Researchers in the United States are explaining a new and rapid method for identifying antibody-resistant variants of Severe Acute Respiratory Syndrome coronavirus 2 (SARS-CoV-2).
SARS-CoV-2 is the root cause of the global pandemic of coronavirus disease 2019 (COVID-19), first identified in Wuhan, China in December 2019. To be more contagious or to avoid neutralization from antibodies.
These escape mutations are a major concern as antibody-resistant virus strains can be dramatically reduced. Effectiveness of Current vaccine and antibody therapies.
Currently, a team of scientists at the University of Colorado and other institutions are reporting yeast screening methods that can be used to quickly identify escaped variants. Neutralizing antibody (NAbs).
We have identified five nAb escape mutants, including three from the official germline class VHC-53 induced by natural COVID-19 infection, “the authors say. “We provide libraries, methods, and software as openly available community resources to accelerate new therapeutic strategies for SARS-CoV-2.”
The preprinted version of the research treatise can be read completely at bioRxiv*server.
What did the researchers do?
Understanding the role and function of SARS-CoV-2 mutations plays a major role in the development of adequate vaccines, boosters, and antibody therapies. The only viral membrane protein involved in cell invasion is the spike (S) protein, which binds to the host via the receptor binding domain (RBD). Researchers wanted to develop a functional screening assay that could identify nAb escape mutants on a large scale.

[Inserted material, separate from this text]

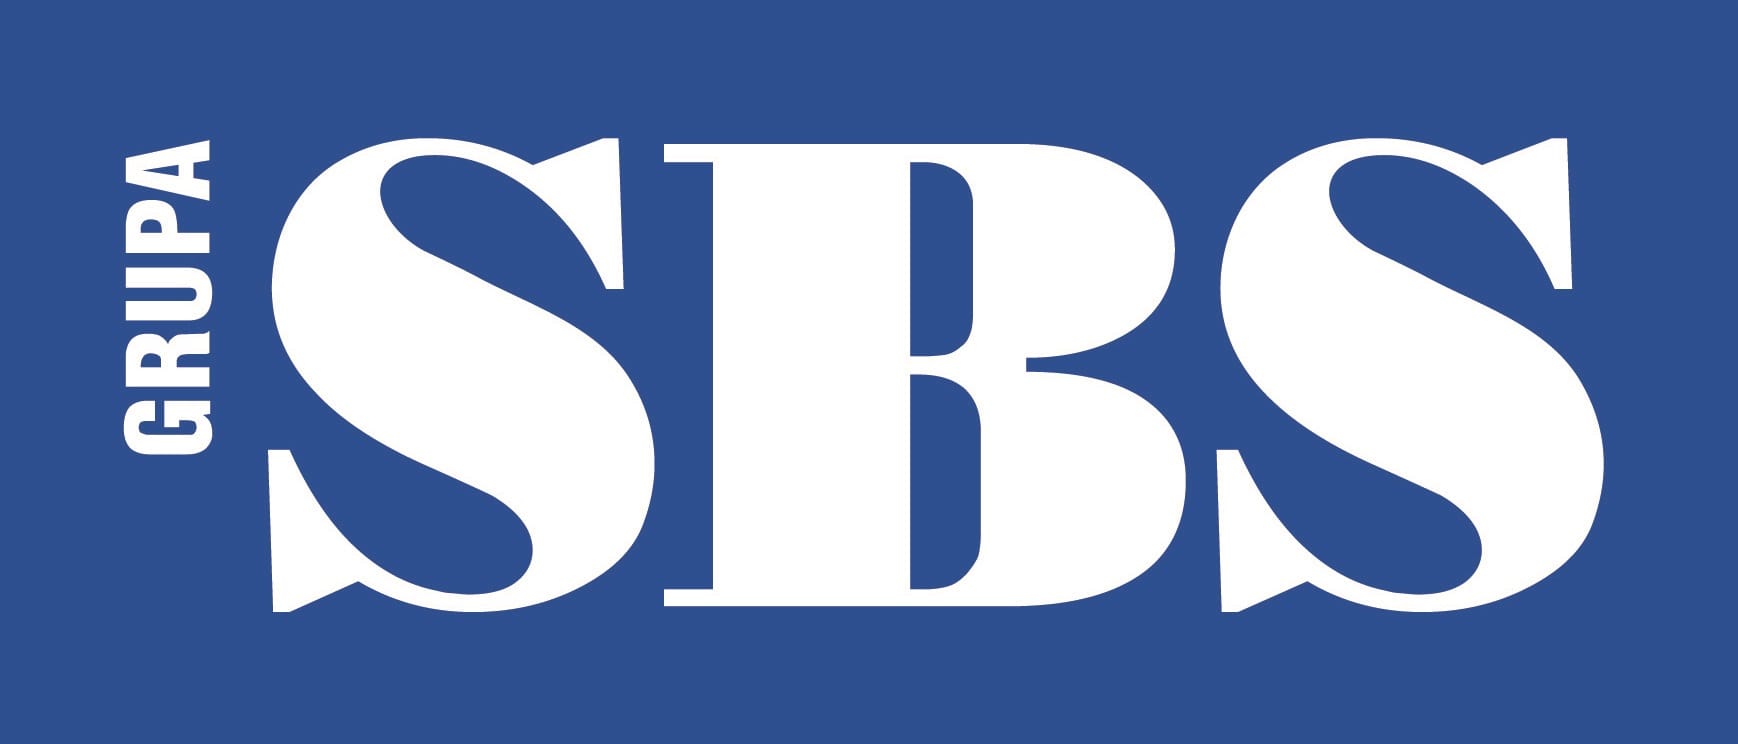 sbs_logotyp2_2.jpg

The S RBD Yeast Surface Display (YSD) platform was created and tested to measure and predict the escape potential of RBD. After testing with a panel of 11 anti-SRDB antibodies, we were able to conclude that the yeast platform was able to “faithfully” emulate the binding interactions between neutralizing antibodies and SRBD.
Next, researchers sought to identify SRBD escape mutants using five nAbs that were able to block ACE2 binding from SARS-CoV-2. They identified 97 SRBD mutations in the SARS-CoV-2 pseudovirus that could escape recognition by at least one neutralizing antibody. Primarily, the mutants F486I, E484K, T478R, K417N, K417T, and D420K were able to completely avoid neutralization from common antibodies, consistent with previous studies, to many of the variants of concern. We confirmed that the existing N501Y mutation does not play a role in providing antibody resistance. Instead, it may increase the binding affinity for ACE2.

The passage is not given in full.